Although the simulation parameters were chosen to best reproduce the 10 wt % curve with its clear plateau region and secondary rise, the 0, 0.1, and 0.5 wt % curves are also well described. Intermediate concentrations, such as 1 wt %, show the least agreement, demonstrating the implicit effects of a finite gel size on the relative significance of protein-nanoparticle interactions and diffusion in Monte Carlo simulations.

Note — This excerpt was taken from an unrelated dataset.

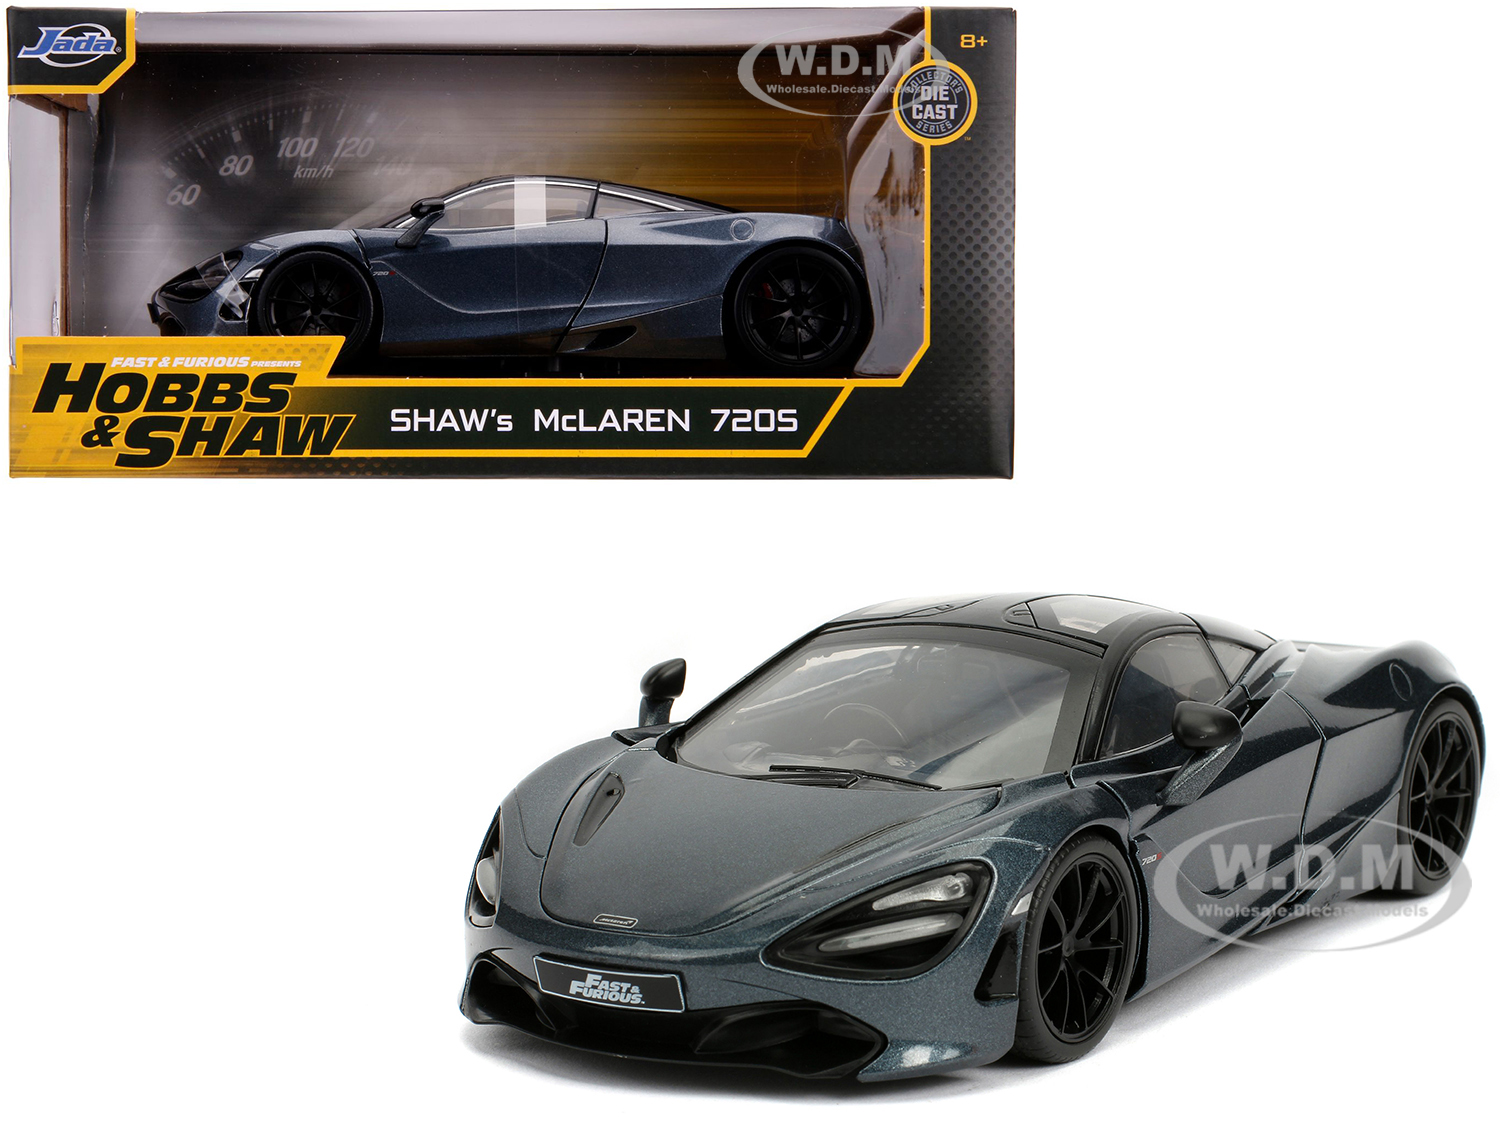 Shaws McLaren 720S RHD (Right Hand Drive) Metallic Gray "Fast &amp; Furious Presents Hobbs &amp; Shaw" (2019) Movie 1/24 Diecast Model Car by Jada

Models of drug release from PLGA np usually consider polymer degradation, erosion, and diffusion of the drugs through the resulting water-filled pores as rate-determining (1, 23). However, our results show very similar release profiles for three different proteins whether they are encapsulated in PLGA np or simply mixed with them, indicating that another mechanism must be involved.
We postulate that initially the protein is fully adsorbed to the negatively charged nanoparticle surface (Fig. 7, i). As the nanoparticle begins to degrade, acidic components build up and decrease the local pH (Fig. 7, ii). At a certain threshold, the original negative carboxylate anion on the nanoparticle surface becomes protonated to carboxylic acid, thereby weakening the electrostatic interactions with the positively charged proteins and initiating release (Fig. 7, iii). Release can then be governed by nanoparticle degradation and protein diffusion and/or adsorption/desorption, depending on the system.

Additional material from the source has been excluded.